Wightman Sean C, Kim Anthony W, Proia Laurie A, Faber L Penfield, Gattuso Paolo, Warren William H, Liptay Michael J
Division of Thoracic Surgery, Rush University Medical Center, Chicago, Illinois 60612, USA.
Ann Thorac Surg. 2009 Oct;88(4):1352-4. doi: 10.1016/j.athoracsur.2009.02.087.

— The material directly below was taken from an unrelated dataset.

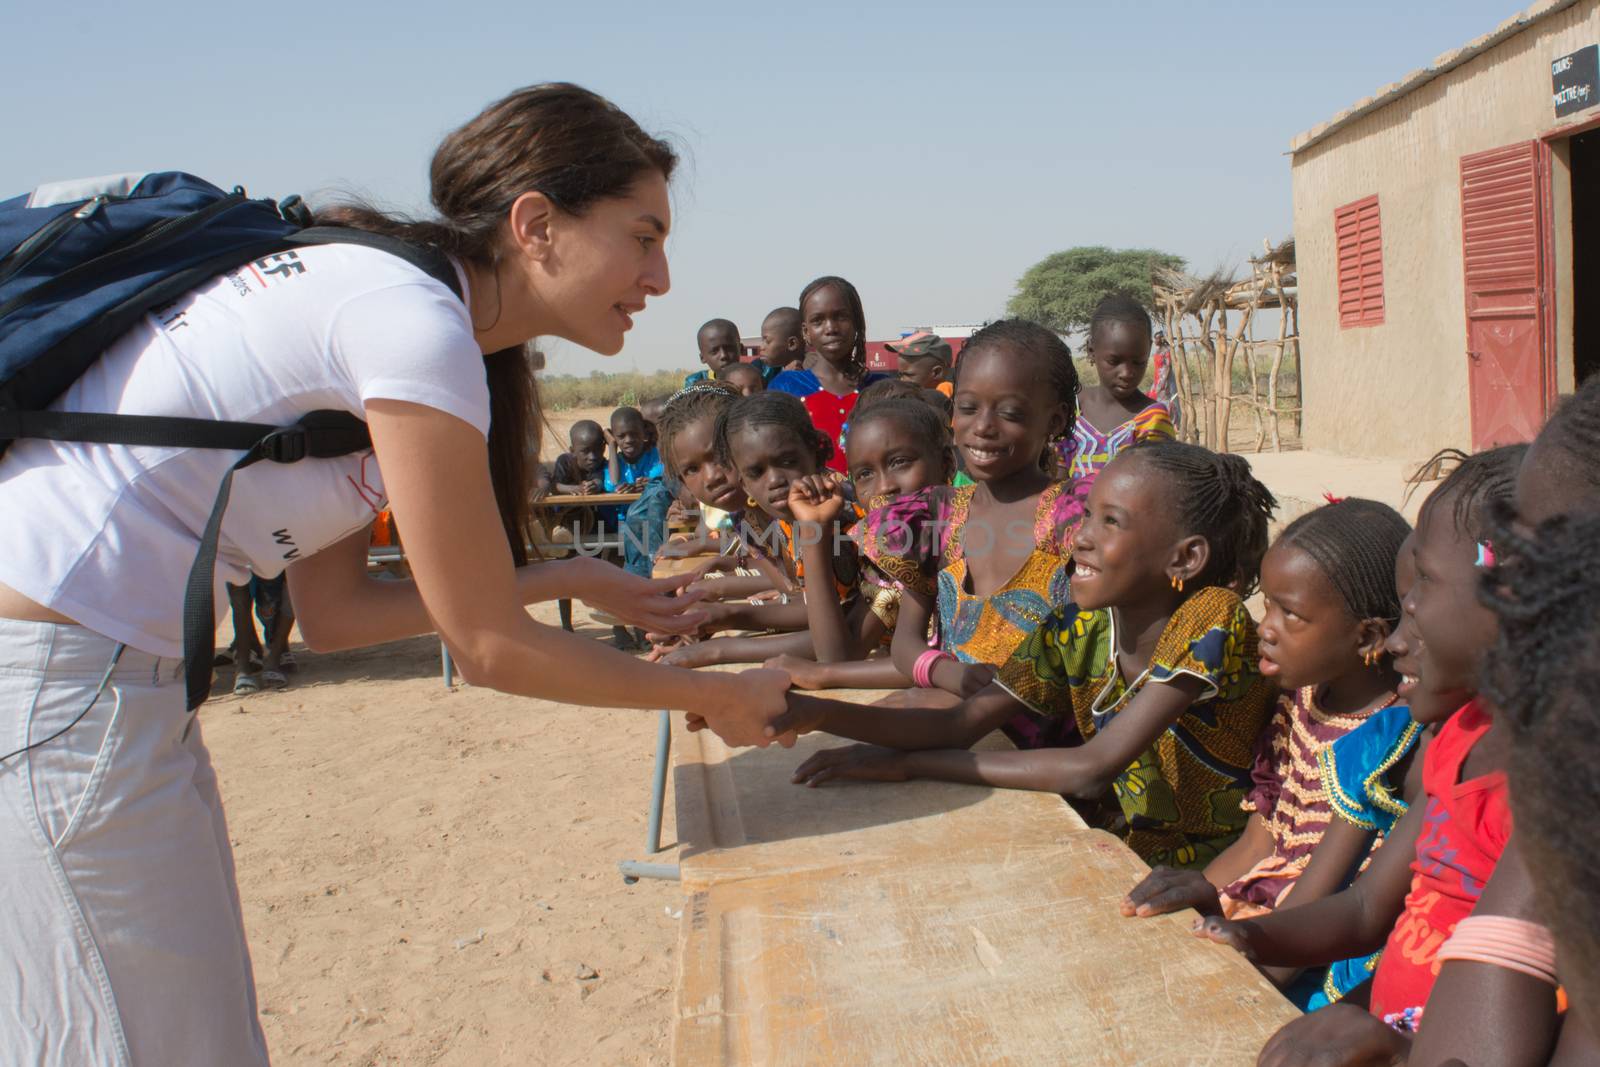 MATAM,SENEGAL-CIRCA NOVEMBER 2013:Actress Caterina Murino greets the children of an elementary school,Caterina Murino is the testimonial of the NGO AMREF,circa November 2013.

Fibrosing mediastinitis due to Aspergillus is rare, particularly in the immunocompetent host. Fibrosing mediastinitis due to Aspergillus species in the immunocompetent patient can be indolent and may be treated with antifungal therapy rather than surgery. We present a 78-year-old nonsmoking, nondiabetic woman with chronic fibrosing mediastinitis due to Aspergillus. Multiple attempts at securing a tissue diagnosis were inconclusive. Ultimately, Aspergillus infection was diagnosed by a video-assisted thoracoscopic surgical biopsy. The patient was started on oral voriconazole, and she remains clinically stable with radiographic improvement. A prolonged, perhaps lifelong, course of antifungal therapy is planned.
曲霉菌引起的纵隔纤维化较为罕见,在免疫功能正常的宿主中尤其如此。免疫功能正常的患者由曲霉菌引起的纵隔纤维化可能进展缓慢,可采用抗真菌治疗而非手术治疗。我们报告了一名78岁不吸烟、无糖尿病的女性,患有曲霉菌引起的慢性纵隔纤维化。多次尝试获取组织诊断均未得出明确结论。最终,通过电视辅助胸腔镜手术活检诊断为曲霉菌感染。患者开始口服伏立康唑,目前临床症状稳定,影像学表现有所改善。计划进行长期(可能是终身)的抗真菌治疗。